What is expected » Look through the entries and report how many lines include the word "without". Give the number alone.

== Segment start ==

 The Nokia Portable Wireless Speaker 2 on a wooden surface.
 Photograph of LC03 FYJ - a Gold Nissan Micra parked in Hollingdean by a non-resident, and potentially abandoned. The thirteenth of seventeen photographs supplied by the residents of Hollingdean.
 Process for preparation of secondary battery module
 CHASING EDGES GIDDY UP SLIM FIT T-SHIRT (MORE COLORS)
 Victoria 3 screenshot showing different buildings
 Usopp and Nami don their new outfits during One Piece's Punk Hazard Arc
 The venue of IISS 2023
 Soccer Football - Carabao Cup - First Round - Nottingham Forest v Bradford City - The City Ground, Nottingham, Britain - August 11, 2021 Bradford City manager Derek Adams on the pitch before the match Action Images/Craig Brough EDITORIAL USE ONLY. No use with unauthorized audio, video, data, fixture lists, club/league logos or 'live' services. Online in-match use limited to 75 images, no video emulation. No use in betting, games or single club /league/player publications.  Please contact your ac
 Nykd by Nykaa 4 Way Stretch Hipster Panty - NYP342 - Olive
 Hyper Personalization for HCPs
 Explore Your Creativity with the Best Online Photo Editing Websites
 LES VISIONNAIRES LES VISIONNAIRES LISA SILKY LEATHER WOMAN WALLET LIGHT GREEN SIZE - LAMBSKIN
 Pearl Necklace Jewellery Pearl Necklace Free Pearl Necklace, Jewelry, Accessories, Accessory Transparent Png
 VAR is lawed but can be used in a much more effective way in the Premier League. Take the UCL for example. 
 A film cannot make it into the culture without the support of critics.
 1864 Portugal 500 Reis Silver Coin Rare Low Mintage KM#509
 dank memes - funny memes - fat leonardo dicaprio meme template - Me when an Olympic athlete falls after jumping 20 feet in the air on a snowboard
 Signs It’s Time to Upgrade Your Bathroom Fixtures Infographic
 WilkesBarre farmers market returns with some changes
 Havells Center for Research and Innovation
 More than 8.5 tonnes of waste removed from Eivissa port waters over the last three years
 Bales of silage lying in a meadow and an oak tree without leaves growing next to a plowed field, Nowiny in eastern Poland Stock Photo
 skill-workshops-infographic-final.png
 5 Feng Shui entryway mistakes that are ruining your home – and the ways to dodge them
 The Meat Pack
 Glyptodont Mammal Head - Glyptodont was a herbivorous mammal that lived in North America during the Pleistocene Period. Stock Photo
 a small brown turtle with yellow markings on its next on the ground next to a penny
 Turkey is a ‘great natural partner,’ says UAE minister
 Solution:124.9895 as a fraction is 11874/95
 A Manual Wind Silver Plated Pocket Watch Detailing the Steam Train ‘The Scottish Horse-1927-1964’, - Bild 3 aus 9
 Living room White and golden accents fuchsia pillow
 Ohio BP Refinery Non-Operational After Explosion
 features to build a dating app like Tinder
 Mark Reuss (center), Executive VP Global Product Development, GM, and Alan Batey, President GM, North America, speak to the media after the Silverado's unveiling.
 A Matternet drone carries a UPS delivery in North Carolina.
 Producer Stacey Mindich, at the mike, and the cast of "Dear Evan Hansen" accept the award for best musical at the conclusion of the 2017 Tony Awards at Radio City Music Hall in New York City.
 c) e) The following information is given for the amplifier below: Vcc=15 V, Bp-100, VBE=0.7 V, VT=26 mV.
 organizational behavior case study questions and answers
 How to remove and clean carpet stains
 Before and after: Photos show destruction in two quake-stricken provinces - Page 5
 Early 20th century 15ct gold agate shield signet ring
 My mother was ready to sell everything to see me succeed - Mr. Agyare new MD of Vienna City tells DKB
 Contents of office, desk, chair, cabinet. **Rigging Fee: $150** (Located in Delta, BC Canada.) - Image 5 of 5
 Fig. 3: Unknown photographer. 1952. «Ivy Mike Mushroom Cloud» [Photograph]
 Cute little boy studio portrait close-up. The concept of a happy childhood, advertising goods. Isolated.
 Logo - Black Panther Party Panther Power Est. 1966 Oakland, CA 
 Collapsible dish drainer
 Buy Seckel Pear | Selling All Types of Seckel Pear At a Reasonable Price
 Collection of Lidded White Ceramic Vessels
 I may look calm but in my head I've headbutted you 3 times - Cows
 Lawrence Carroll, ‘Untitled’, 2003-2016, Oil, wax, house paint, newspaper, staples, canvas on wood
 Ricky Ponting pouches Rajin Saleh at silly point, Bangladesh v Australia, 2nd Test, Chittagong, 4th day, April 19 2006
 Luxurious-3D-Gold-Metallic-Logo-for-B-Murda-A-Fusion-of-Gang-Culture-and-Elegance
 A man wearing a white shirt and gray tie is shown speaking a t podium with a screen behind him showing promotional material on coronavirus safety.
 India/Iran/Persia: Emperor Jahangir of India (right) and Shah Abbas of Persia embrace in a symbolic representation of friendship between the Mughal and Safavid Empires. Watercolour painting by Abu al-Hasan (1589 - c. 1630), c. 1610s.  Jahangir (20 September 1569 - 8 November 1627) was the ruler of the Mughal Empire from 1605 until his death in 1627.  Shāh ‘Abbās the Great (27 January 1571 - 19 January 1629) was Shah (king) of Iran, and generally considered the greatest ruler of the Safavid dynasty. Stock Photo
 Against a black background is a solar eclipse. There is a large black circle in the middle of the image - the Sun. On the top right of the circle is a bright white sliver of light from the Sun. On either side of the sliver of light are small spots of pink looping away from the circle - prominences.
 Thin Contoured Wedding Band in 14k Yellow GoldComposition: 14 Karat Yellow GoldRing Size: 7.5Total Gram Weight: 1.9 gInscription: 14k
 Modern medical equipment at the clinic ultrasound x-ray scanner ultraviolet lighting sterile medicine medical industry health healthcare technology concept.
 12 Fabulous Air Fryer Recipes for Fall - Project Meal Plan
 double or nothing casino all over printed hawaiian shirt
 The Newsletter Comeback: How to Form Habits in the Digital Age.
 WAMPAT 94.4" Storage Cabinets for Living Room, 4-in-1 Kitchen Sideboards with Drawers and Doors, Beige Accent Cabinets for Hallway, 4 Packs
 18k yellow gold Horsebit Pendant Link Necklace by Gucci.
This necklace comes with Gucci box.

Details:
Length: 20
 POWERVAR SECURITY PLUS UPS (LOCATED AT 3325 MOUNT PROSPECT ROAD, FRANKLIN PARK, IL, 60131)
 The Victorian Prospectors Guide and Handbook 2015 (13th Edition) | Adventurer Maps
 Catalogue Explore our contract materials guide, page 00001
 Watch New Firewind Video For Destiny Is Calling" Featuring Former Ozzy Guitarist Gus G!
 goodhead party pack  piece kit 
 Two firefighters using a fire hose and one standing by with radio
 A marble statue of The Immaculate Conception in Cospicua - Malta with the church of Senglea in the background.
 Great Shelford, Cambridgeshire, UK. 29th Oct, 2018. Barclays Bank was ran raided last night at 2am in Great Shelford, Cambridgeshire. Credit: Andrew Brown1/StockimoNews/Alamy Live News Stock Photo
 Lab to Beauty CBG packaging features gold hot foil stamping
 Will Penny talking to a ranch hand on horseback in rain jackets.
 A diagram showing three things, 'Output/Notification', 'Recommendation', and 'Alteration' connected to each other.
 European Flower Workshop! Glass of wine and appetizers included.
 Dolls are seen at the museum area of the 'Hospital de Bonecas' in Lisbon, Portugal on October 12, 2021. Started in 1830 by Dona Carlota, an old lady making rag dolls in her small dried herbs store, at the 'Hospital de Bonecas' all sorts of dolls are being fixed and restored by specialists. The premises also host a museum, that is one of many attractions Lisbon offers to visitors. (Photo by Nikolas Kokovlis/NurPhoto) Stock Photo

== Segment end ==

Result » 2